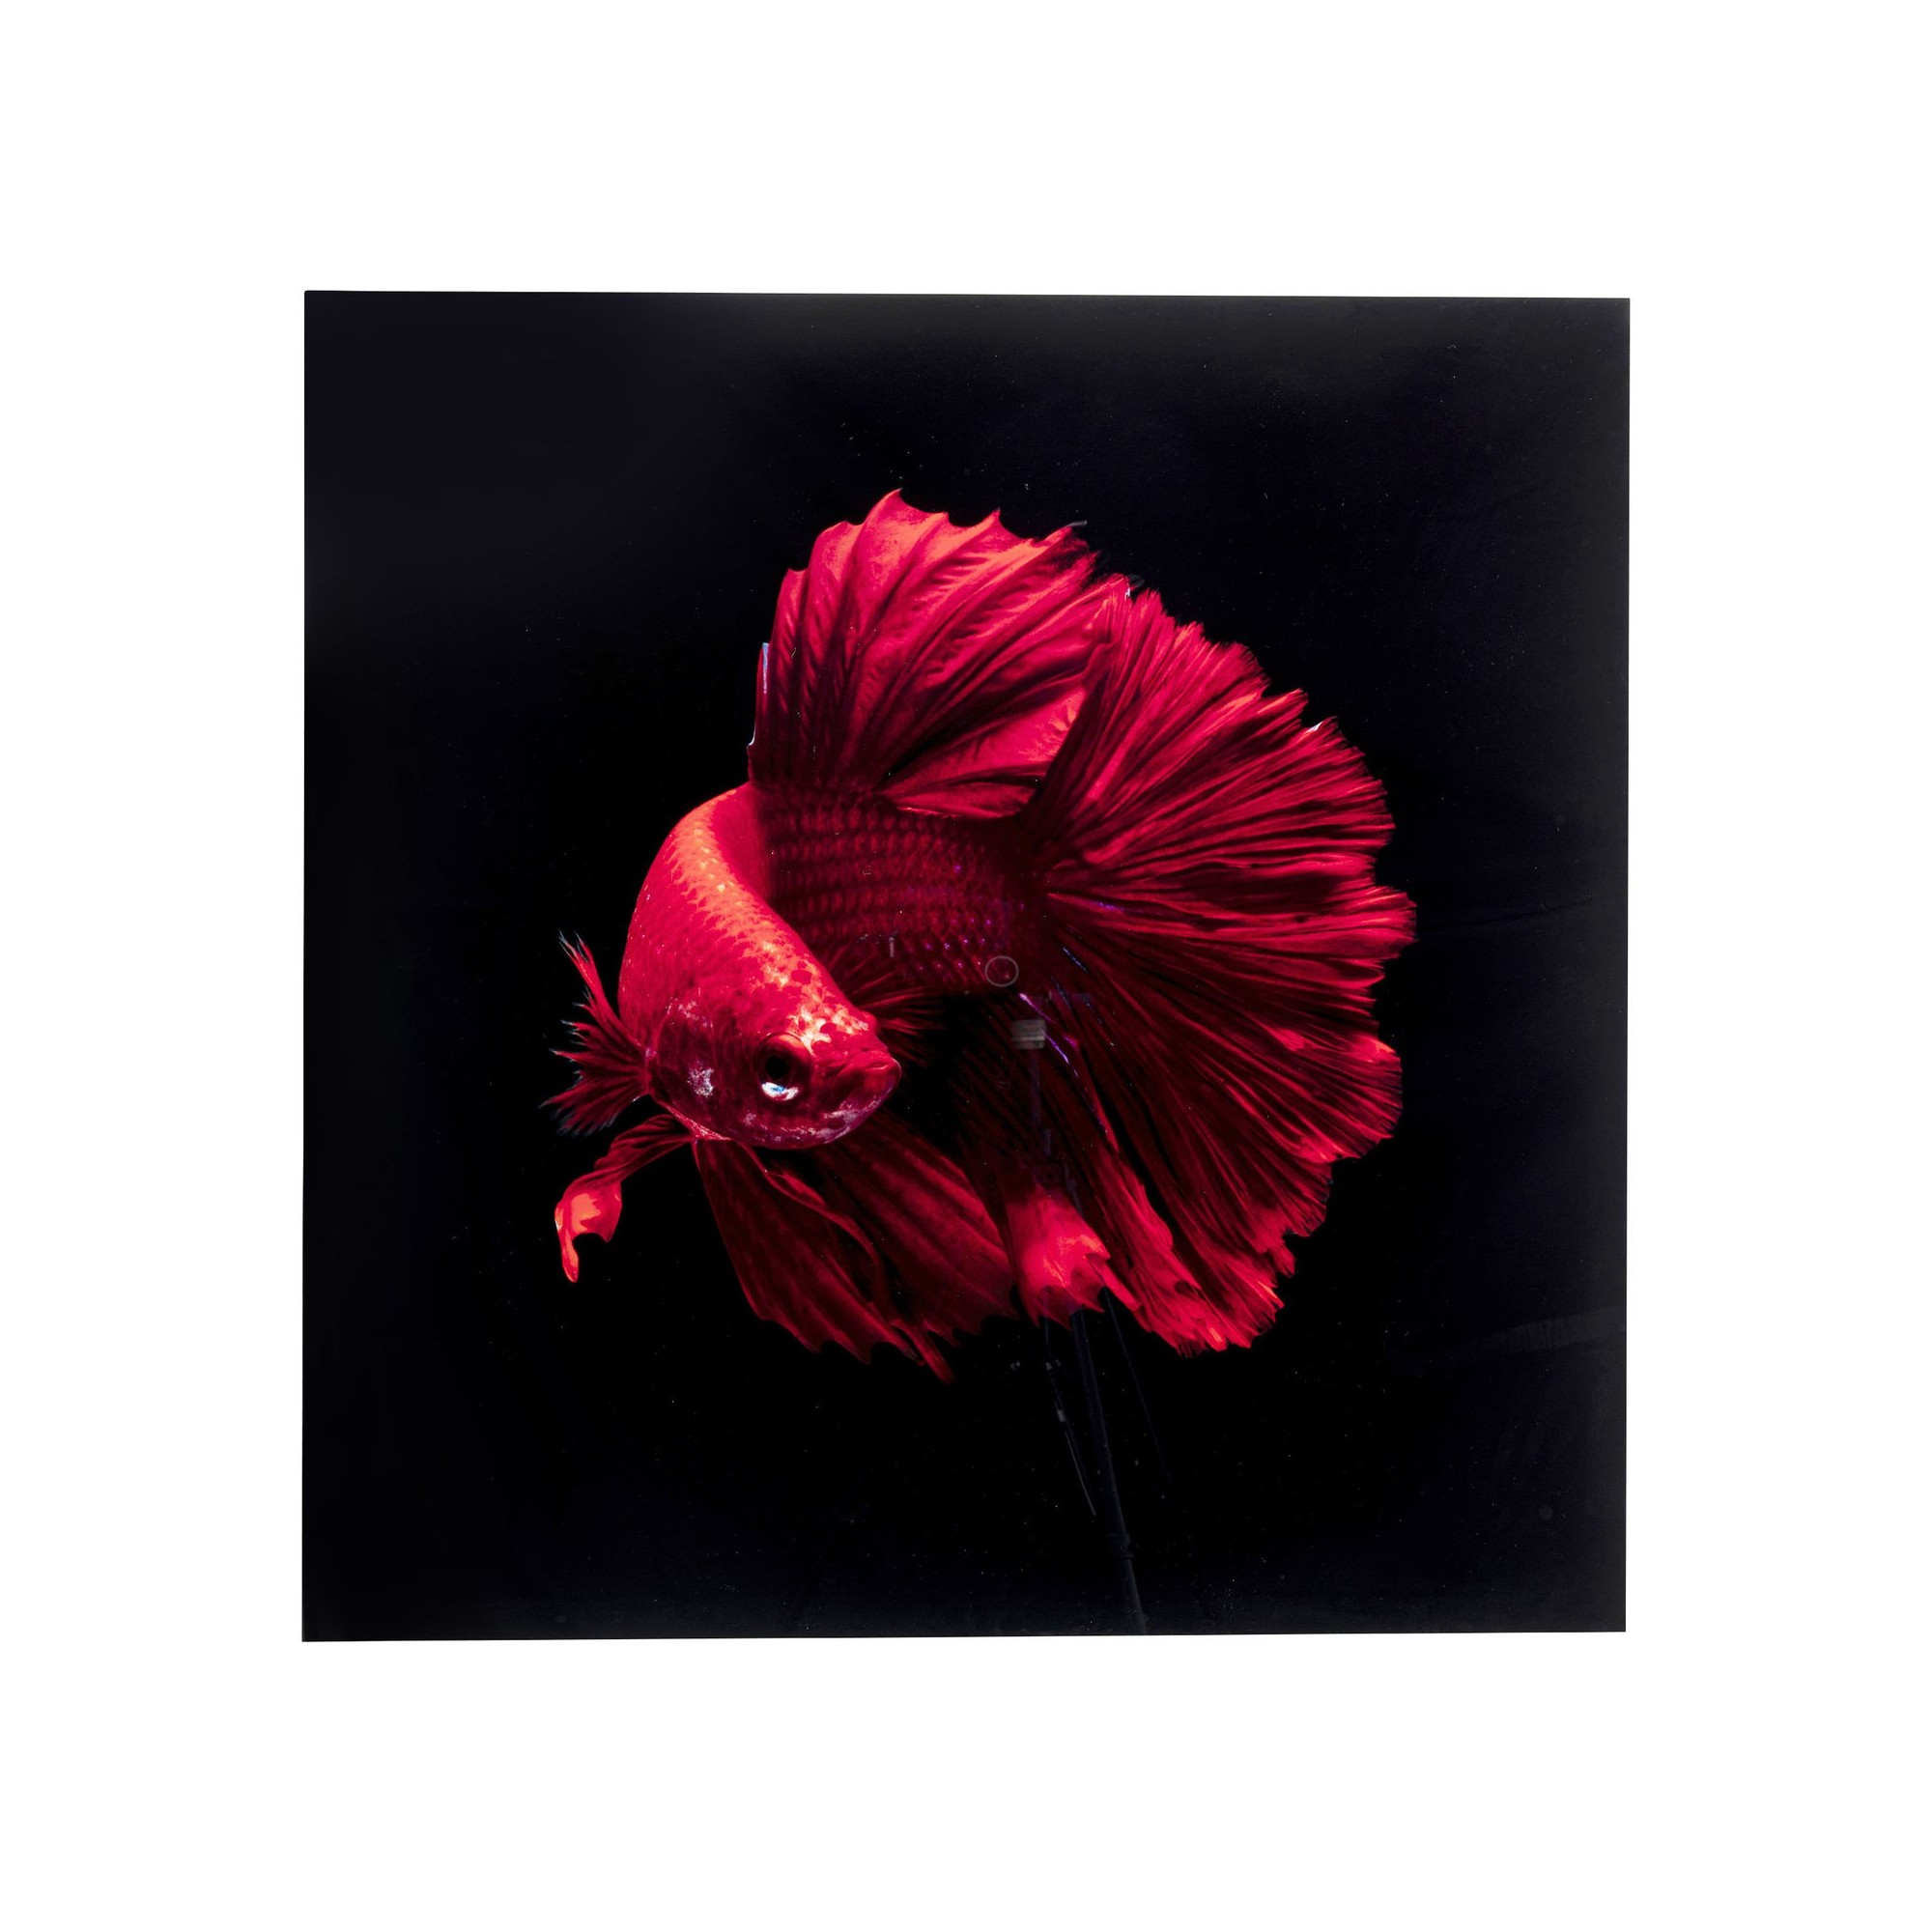 Tableau en verre poisson rouge 100x100cm Kare Design
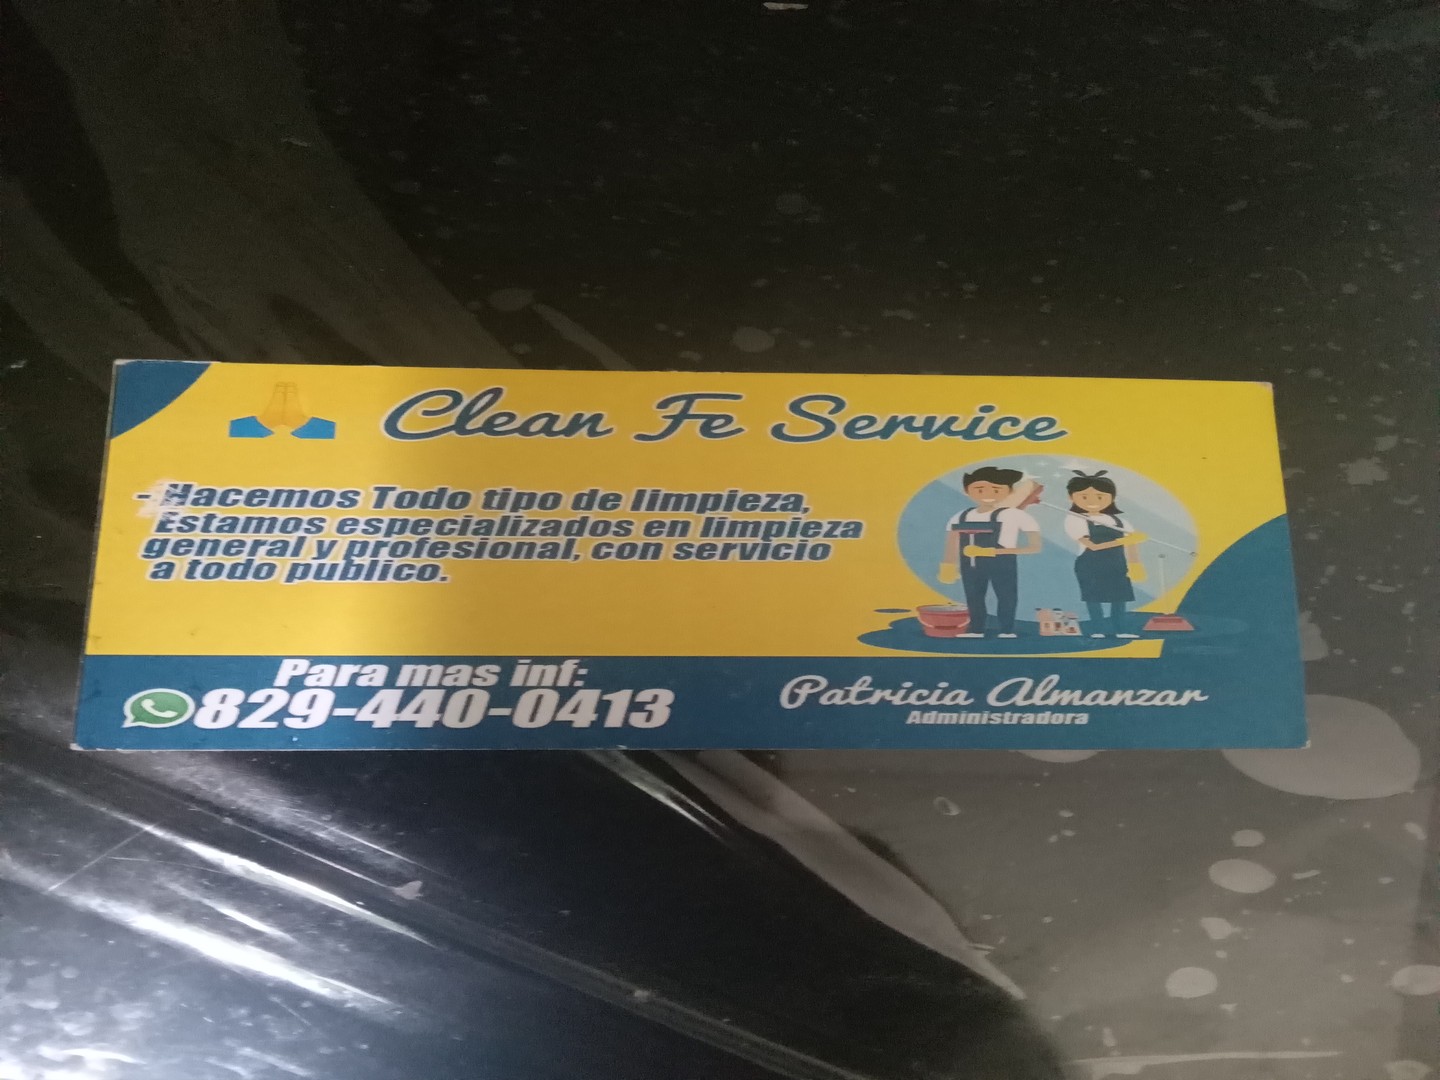 servicios profesionales - Hacemos todo tipo de limpieza 

DIOS LES BENDIGA  0

+ + + + +

**Your instructions**
Could you return the whole listing exactly, images excluded?

**Written solution**
 Tableau en verre poisson rouge 100x100cm Kare Design
 servicios profesionales - Hacemos todo tipo de limpieza 

DIOS LES BENDIGA  0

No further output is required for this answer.